Forty years ago, Iver was a delightful village in a genuinely rural area. Since then, it has endured the construction of the M4 and its subsequent widening, the construction of the M25 and its widening, mineral extraction on a massive scale, substantial dumping of waste, the threat of a large sludge treatment works to be transferred from Heathrow if the fifth terminal there is given to go-ahead—and now this.
I suppose that Iver might today be described as semi-rural, but if the proposal goes ahead and the last piece of green belt between Iver and London is destroyed, a better description might be "suburban". At that point, one will be entitled to ask what is the point of having a green belt if we keep on making exceptions to it, because, in the end, there will be no green belt left.
I believe that the inspector has seriously misdirected himself. He has concluded that Iver is the best site because no one has come up with anything better. He has gone out of his way to criticise local authorities for their failure to produce alternative solutions, although they have no obligation to do so. He has completely ignored the cumulative effect of development in the green belt. I hope very much that the Secretaries of State for the Environment and for Transport will throw out his flawed recommendations.
§ Sir Michael Shersby (Uxbridge)I am pleased to have the opportunity briefly to support my hon. Friend the Member for Beaconsfield (Mr. Smith). My constituency immediately adjoins his, and the residents of the Cowley area of my constituency are especially affected by the proposal.
I object strongly to the proposed development, which, as my hon. Friend said, would mean a further substantial loss of the green belt. As president of the London Green Belt Council, I share my hon. Friend's astonishment that my right hon. Friend the Secretary of State for the Environment could even consider allowing the proposal to go ahead. However, as my hon. Friend said, there is another reason for not allowing the proposal to continue—the danger to public health that would arise if asbestos 263 deposited on the site years ago were to be removed, even under what are reassuringly known these days as controlled conditions.
The danger is the risk of mesothelioma, which is caused by the inhalation of minute asbestos fibres and which results in death many years later. This has been known to the Government and to the asbestos industry for many years. For example, in 1949, Dr. H. Wyers, who was then the medical officer at the Cape Asbestos Company, now Cape plc—the joint developer of the site—reported 115 fatal cases in which asbestosis was mentioned, and provided evidence of lung and pleural cancers accompanying it. The average age of death was 40.8 years. The late 1950s and early 1960s was the time in history when the ability of asbestos fibres to cause mesothelioma was finally and officially recognised throughout the world.

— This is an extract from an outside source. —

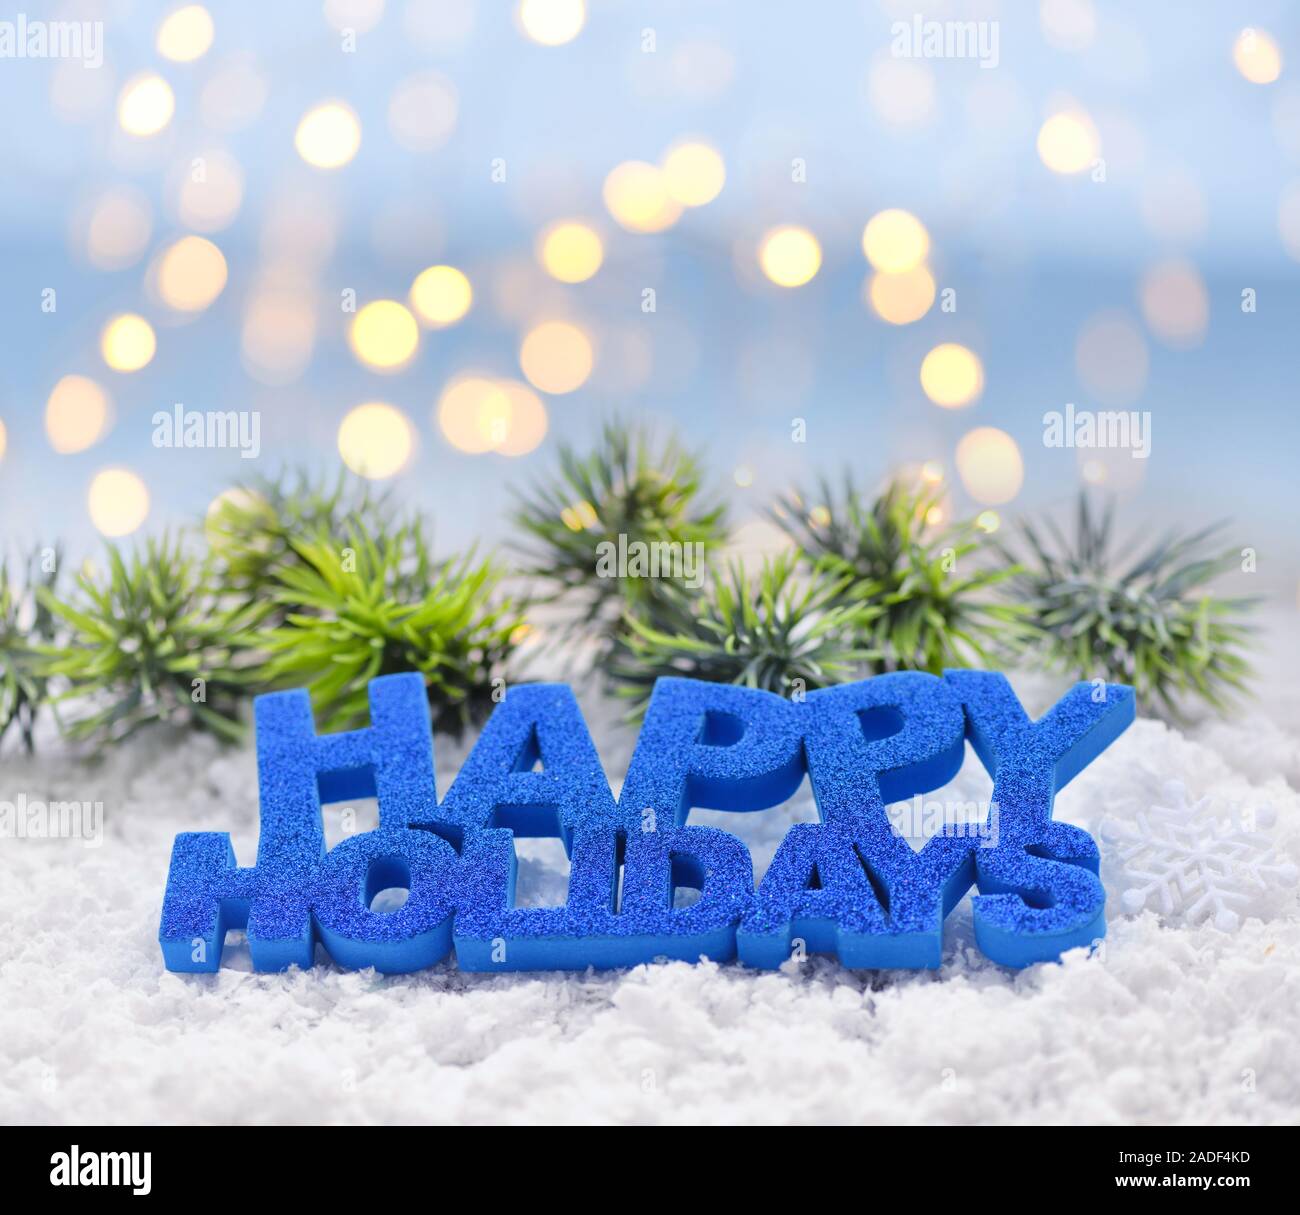 Saluto "Happy Holidays' sulla neve sullo sfondo di luci festive. Natale o Capodanno saluto il card. Foto Stock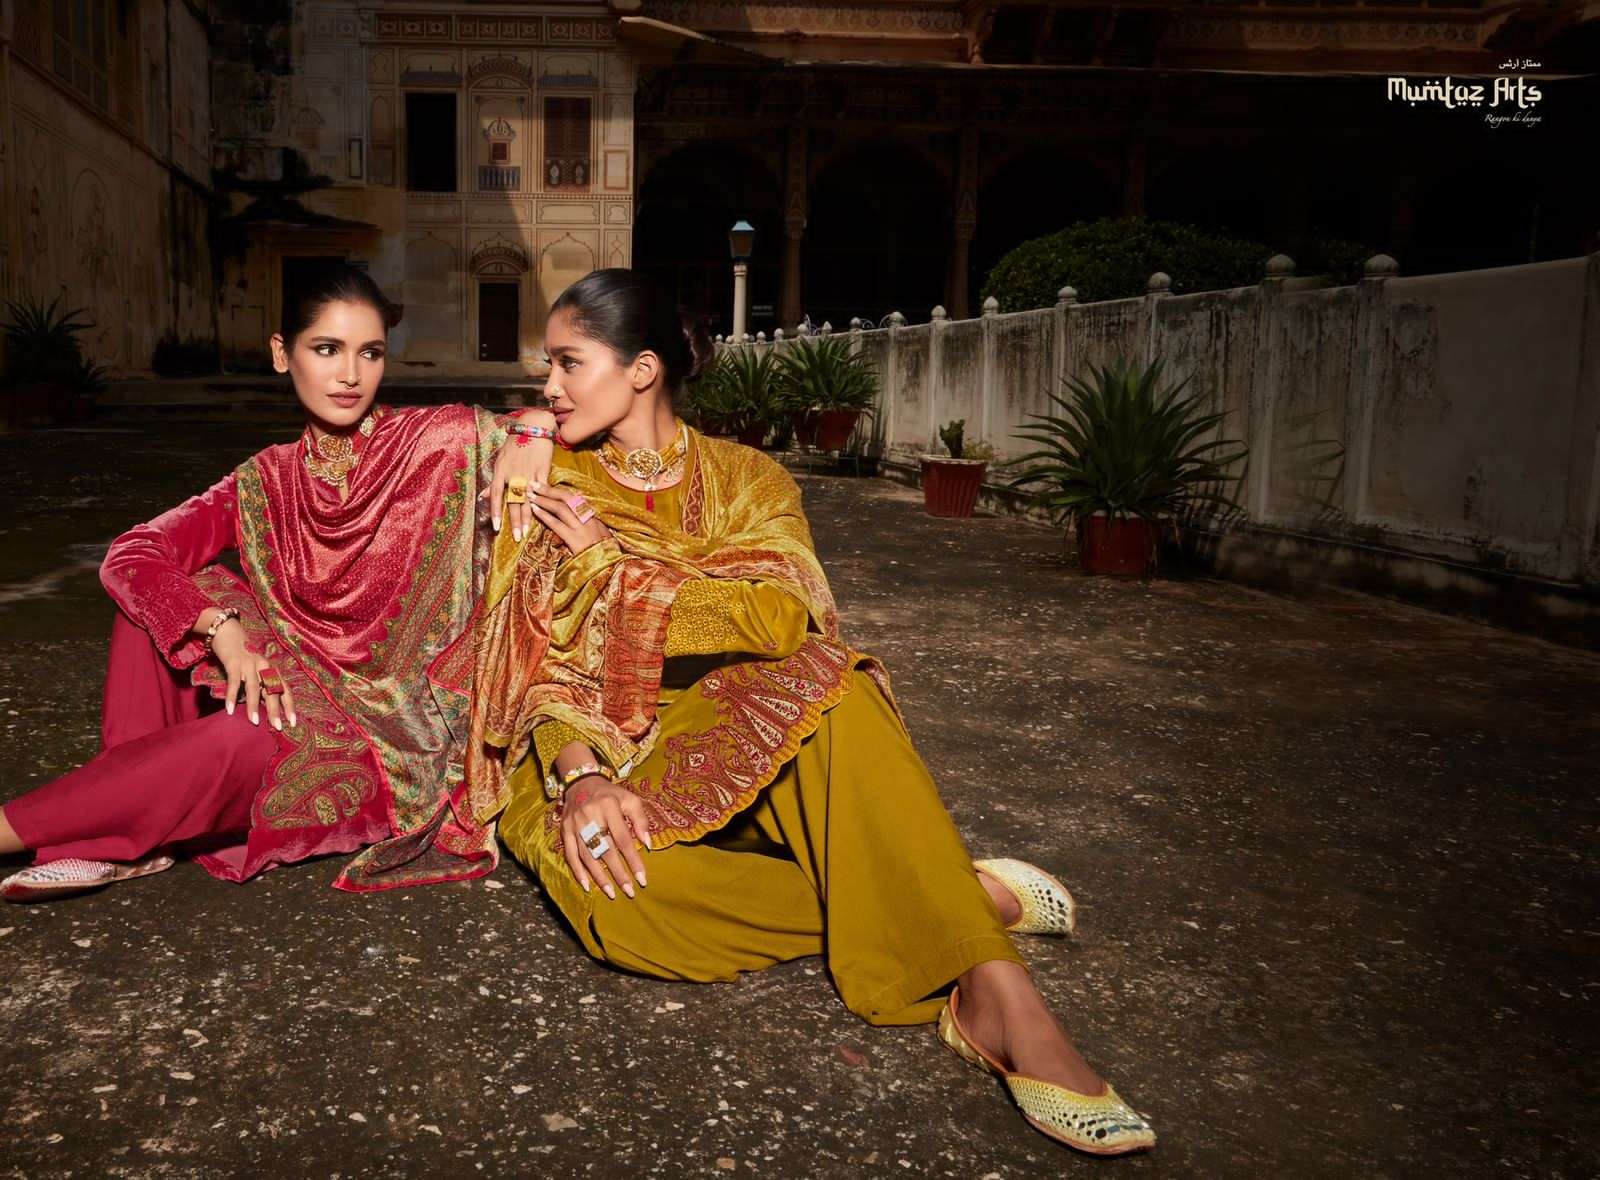 mumtaz arts the velvet soul 12001-12007 series pure velvet salwar suits collection surat

The assessor who was appointed to advise the inspector who conducted the public inquiry was there to advise on technical aspects, with specific reference to landfill and the associated problems of gas and leachite production. With hindsight, it would have been much better had the inspector been assisted by an environmental assessor to help him consider the inherent dangers of developing the site, given that it has been used to dump quantities of asbestos.
Paragraph 14 of the assessor's report states:
it is known that extreme precautions must be adopted by anyone handling the material in quantity".That statement is rather misleading, as the Health and Safety Executive Guidelines refer to the need for precautions to be taken by anyone handling asbestos, not only those handling it "in quantity".The assessor goes on to state that the fact that
it can be handled in safety is highlighted by the common practice now of the removal of asbestos from schools and many public buildings".I suggest, however, that it is very difficult to see the connection between such present-day practices and the very open site of some 44 acres being considered for a motorway service area.It is well known that the technique used to remove asbestos involves the creation of negative pressure, and the removal inside a plastic tent from which the air is sucked through a filter. That is the best way of keeping all the microscopic death-dealing fibres in the working area. However, those fibres are so small that they are not visible to the human eye, and are absolutely lethal when inhaled.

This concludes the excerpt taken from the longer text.